At the end of the day, we are all just trying to exist and survive off of the programming that was handed down to us by our parents and society. Some of us are breaking free from that and finding each other and joining forces in unity, some are still stuck in our old paradigms where we think being Christian or Muslim or Jewish or Mormon or Republican or Democrat or LGBTQ+ or White or Black or Brown somehow makes us actually different from each other. We’re not. We are all just people trying to survive what was handed to us. Some have the capacity for more, but some may have been handed a lot more. It’s not for us to judge the differences, but try to understand them and learn from these different perspectives, believe these different perspectives are just as valid as our own, and find where we all have common ground. We have all been handed the emotional debts of our ancestors in one way and to some degree or another. What we do with that is up to us. We can continue to choose avoidance, stick our heads in the sand, deflect and blame, or we can face it all, head on. Face all the pain of colonialism, slavery, genocide, racism, sexism, patriarchal systems, etc. etc. We can’t face it if we don’t admit it exists, if we close our eyes and refuse to see it just because it’s not happening directly to us. Believe people who are in pain and instead of deflecting their pain or minimizing it, try to figure out where it’s coming from, because it’s not nowhere. Even if someone is lying, it is still indicative of some underlying pain. The behavior that shows when pain bubbles up to the surface is not the target, the pain is. The pain always is. And if they are not lying, they truly may need some help. Either way, the default should be to focus on helping people heal the pain at the core, not judging or shaming it.

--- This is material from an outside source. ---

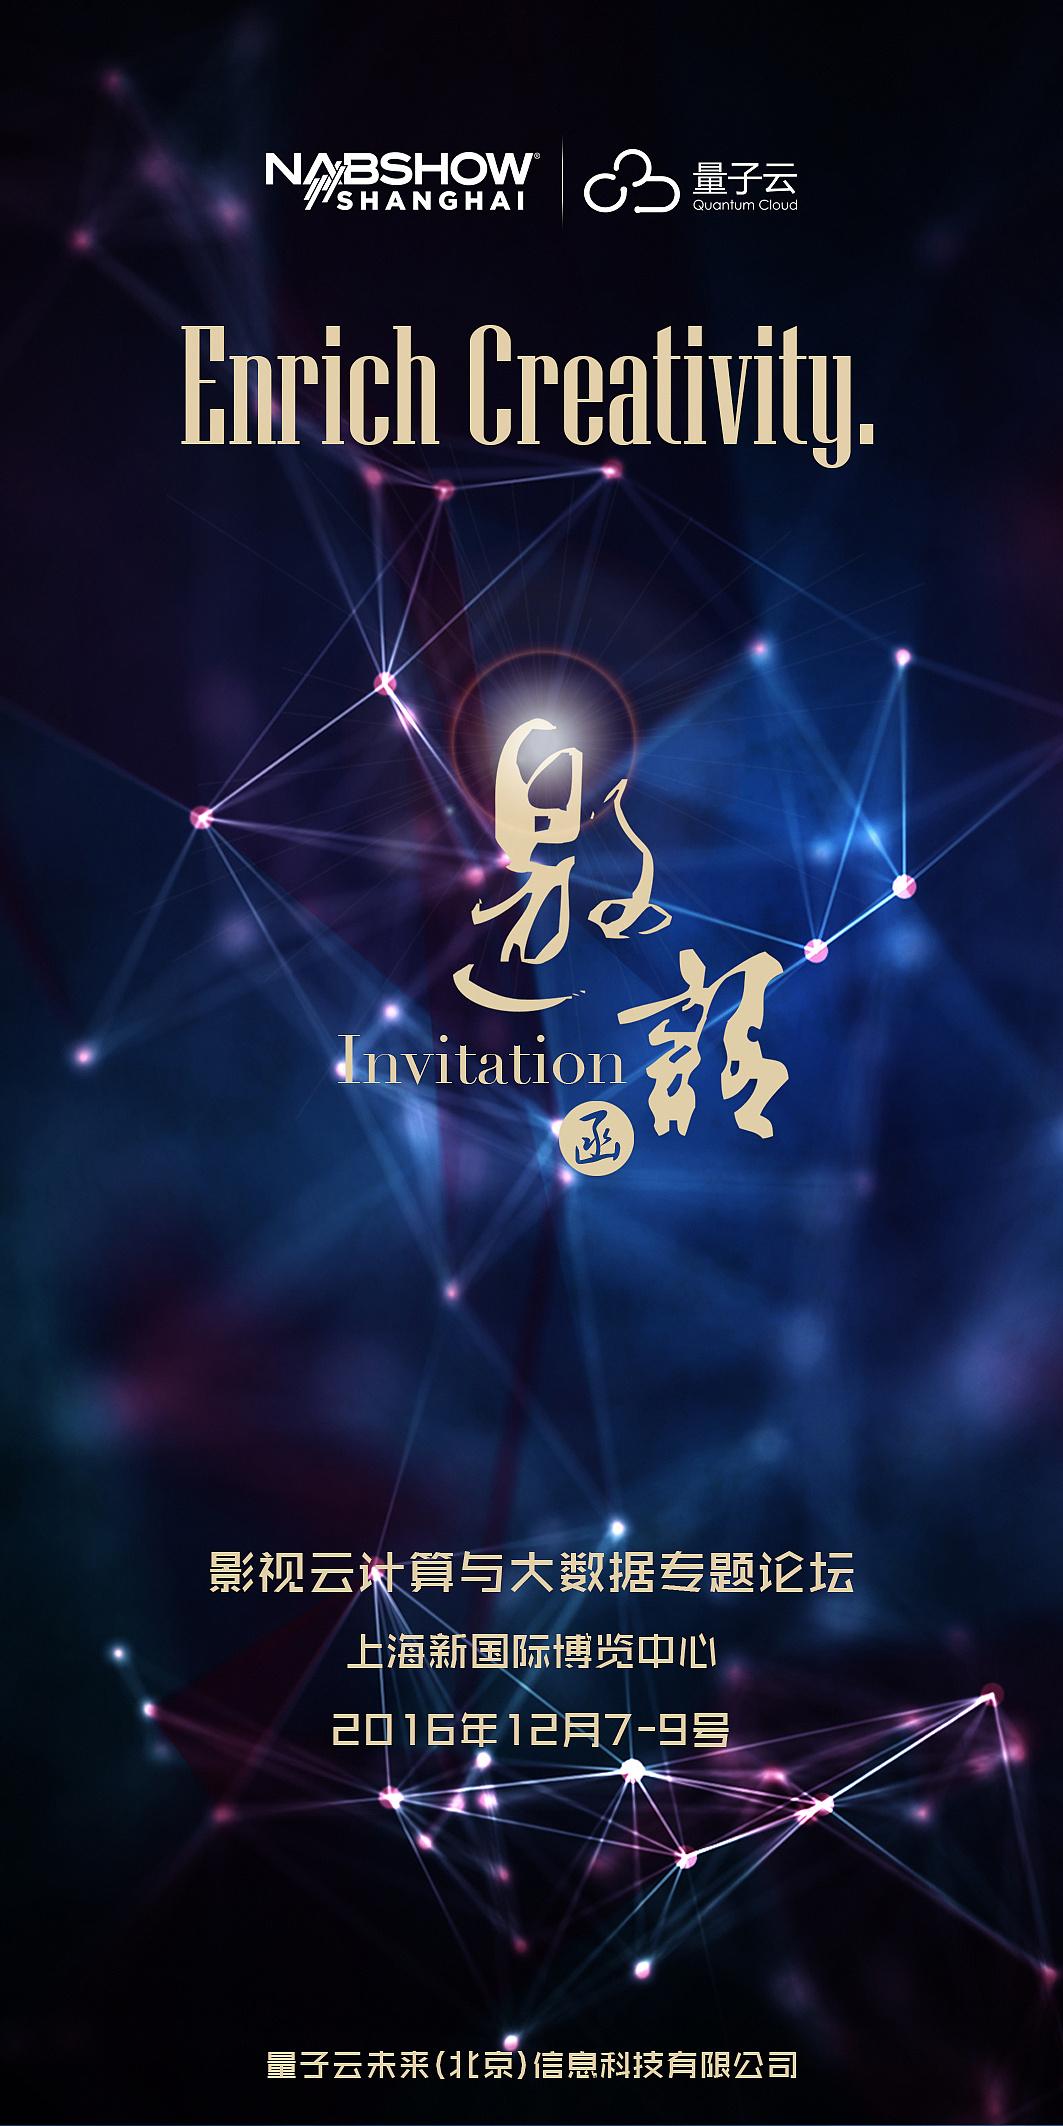 nab show shanghai 发布会邀请函图片

So, as I do continue to go about writing in this blog and being truthful about all that I have seen and experienced from my perspective, don’t assume that my honesty about the difficult or painful parts is either me holding a grudge/being angry about it nor dismissing any of it as justified or okay that it happened. It’s not okay, but it’s also not unforgivable. And if I do have moments of anger or sadness or anything else, it isn’t because I am bad. It’s just because I am human. And I am healing. What triggers me shows me where I still need to do more healing. It is feedback, that is all. That doesn’t give me the right to harm others as my response when these feelings do show up, and that part is on me to learn to become the master of my own actions and behaviors, despite my emotional states. It isn’t easy work, but it is incredibly important for the salvation of humanity. It’s the work we all must do, that humanity used to know how to do but when systems of control stepped in and started infusing shame and blame and worthlessness to keep us all small and compliant, we forgot.